─── Input data ───

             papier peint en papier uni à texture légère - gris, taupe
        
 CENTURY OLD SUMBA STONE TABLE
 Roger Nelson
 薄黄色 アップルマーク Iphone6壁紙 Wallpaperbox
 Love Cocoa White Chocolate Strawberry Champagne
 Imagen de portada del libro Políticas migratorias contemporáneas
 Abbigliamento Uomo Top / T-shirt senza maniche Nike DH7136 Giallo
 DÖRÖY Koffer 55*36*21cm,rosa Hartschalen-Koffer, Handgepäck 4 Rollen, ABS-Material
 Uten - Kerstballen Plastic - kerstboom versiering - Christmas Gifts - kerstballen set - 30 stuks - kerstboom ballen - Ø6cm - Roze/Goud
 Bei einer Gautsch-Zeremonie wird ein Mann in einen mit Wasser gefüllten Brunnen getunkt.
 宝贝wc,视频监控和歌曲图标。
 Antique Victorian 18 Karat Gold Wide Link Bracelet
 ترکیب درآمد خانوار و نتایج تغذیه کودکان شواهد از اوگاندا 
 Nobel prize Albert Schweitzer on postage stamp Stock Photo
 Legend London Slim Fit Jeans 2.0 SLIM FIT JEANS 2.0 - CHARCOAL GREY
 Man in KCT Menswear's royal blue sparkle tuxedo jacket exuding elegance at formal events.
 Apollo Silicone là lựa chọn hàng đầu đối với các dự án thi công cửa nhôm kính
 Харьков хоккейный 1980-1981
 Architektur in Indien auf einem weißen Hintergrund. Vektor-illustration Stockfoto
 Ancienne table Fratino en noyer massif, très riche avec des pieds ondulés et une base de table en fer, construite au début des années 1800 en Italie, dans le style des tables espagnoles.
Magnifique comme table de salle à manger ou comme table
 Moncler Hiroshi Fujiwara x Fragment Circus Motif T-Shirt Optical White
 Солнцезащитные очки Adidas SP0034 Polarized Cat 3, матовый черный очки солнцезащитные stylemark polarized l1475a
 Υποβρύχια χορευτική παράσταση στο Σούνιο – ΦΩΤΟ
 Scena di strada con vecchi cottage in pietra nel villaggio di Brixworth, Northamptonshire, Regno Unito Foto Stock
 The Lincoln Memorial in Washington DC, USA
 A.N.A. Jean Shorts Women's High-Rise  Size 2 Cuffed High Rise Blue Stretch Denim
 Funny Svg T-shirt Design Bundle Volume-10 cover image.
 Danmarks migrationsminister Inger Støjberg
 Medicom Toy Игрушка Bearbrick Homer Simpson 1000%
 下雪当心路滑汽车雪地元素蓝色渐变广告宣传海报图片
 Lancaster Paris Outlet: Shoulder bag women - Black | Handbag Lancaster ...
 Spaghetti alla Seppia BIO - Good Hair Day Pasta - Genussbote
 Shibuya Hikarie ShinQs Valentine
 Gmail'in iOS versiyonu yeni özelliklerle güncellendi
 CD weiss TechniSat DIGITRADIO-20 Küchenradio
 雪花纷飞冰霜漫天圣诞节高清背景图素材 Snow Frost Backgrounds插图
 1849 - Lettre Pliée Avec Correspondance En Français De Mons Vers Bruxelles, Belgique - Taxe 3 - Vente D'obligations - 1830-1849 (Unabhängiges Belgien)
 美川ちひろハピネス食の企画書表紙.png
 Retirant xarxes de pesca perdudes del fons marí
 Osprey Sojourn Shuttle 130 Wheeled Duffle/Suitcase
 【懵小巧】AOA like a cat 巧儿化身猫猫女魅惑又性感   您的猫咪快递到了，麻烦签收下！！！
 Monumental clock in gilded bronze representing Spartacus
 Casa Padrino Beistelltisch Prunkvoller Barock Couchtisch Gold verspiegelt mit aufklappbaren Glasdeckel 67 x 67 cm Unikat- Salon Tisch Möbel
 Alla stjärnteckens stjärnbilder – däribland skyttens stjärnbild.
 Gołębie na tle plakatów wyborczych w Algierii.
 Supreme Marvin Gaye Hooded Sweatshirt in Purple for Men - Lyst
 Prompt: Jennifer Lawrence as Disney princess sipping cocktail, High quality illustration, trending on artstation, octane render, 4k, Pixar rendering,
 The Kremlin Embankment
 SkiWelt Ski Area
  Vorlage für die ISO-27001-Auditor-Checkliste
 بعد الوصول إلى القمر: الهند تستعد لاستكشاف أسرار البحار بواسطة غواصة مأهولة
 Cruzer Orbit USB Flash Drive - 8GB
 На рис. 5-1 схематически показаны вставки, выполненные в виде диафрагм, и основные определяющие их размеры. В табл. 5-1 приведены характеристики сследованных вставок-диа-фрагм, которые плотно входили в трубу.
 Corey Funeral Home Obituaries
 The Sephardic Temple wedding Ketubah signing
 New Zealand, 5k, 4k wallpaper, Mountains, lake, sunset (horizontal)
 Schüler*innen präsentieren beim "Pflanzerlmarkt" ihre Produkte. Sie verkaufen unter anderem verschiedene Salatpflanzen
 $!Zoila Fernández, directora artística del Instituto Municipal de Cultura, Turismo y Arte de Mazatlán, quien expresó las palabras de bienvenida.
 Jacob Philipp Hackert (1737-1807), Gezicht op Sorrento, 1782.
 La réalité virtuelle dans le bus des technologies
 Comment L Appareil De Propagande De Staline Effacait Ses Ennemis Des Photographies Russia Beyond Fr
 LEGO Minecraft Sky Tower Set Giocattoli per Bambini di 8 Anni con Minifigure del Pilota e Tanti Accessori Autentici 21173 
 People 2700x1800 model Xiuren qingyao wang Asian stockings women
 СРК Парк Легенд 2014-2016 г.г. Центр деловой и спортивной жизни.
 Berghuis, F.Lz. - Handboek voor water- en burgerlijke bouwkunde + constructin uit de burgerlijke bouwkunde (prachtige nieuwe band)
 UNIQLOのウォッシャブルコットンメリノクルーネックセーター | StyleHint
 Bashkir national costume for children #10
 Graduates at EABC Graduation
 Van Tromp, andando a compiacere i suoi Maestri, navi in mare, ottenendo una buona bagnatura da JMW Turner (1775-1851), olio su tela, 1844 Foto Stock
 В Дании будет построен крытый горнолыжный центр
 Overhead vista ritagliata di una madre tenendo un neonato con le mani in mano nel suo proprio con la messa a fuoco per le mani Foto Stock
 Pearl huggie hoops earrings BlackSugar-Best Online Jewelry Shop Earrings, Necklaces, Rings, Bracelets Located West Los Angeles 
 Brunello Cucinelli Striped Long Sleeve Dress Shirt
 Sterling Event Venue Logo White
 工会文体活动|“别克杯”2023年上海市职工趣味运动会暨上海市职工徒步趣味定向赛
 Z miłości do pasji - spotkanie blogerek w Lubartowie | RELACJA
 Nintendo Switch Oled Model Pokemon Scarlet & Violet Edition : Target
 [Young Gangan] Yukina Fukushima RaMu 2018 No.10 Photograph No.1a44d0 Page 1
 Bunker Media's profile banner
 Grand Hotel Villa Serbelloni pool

───

> _Instructions to follow_
Using the material above, transcribe exactly the lines from the line with "На рис. 5-1" to the line with "Overhead vista ritagliata"; both count, and nothing else goes in.

> _Solution_
 На рис. 5-1 схематически показаны вставки, выполненные в виде диафрагм, и основные определяющие их размеры. В табл. 5-1 приведены характеристики сследованных вставок-диа-фрагм, которые плотно входили в трубу.
 Corey Funeral Home Obituaries
 The Sephardic Temple wedding Ketubah signing
 New Zealand, 5k, 4k wallpaper, Mountains, lake, sunset (horizontal)
 Schüler*innen präsentieren beim "Pflanzerlmarkt" ihre Produkte. Sie verkaufen unter anderem verschiedene Salatpflanzen
 $!Zoila Fernández, directora artística del Instituto Municipal de Cultura, Turismo y Arte de Mazatlán, quien expresó las palabras de bienvenida.
 Jacob Philipp Hackert (1737-1807), Gezicht op Sorrento, 1782.
 La réalité virtuelle dans le bus des technologies
 Comment L Appareil De Propagande De Staline Effacait Ses Ennemis Des Photographies Russia Beyond Fr
 LEGO Minecraft Sky Tower Set Giocattoli per Bambini di 8 Anni con Minifigure del Pilota e Tanti Accessori Autentici 21173 
 People 2700x1800 model Xiuren qingyao wang Asian stockings women
 СРК Парк Легенд 2014-2016 г.г. Центр деловой и спортивной жизни.
 Berghuis, F.Lz. - Handboek voor water- en burgerlijke bouwkunde + constructin uit de burgerlijke bouwkunde (prachtige nieuwe band)
 UNIQLOのウォッシャブルコットンメリノクルーネックセーター | StyleHint
 Bashkir national costume for children #10
 Graduates at EABC Graduation
 Van Tromp, andando a compiacere i suoi Maestri, navi in mare, ottenendo una buona bagnatura da JMW Turner (1775-1851), olio su tela, 1844 Foto Stock
 В Дании будет построен крытый горнолыжный центр
 Overhead vista ritagliata di una madre tenendo un neonato con le mani in mano nel suo proprio con la messa a fuoco per le mani Foto Stock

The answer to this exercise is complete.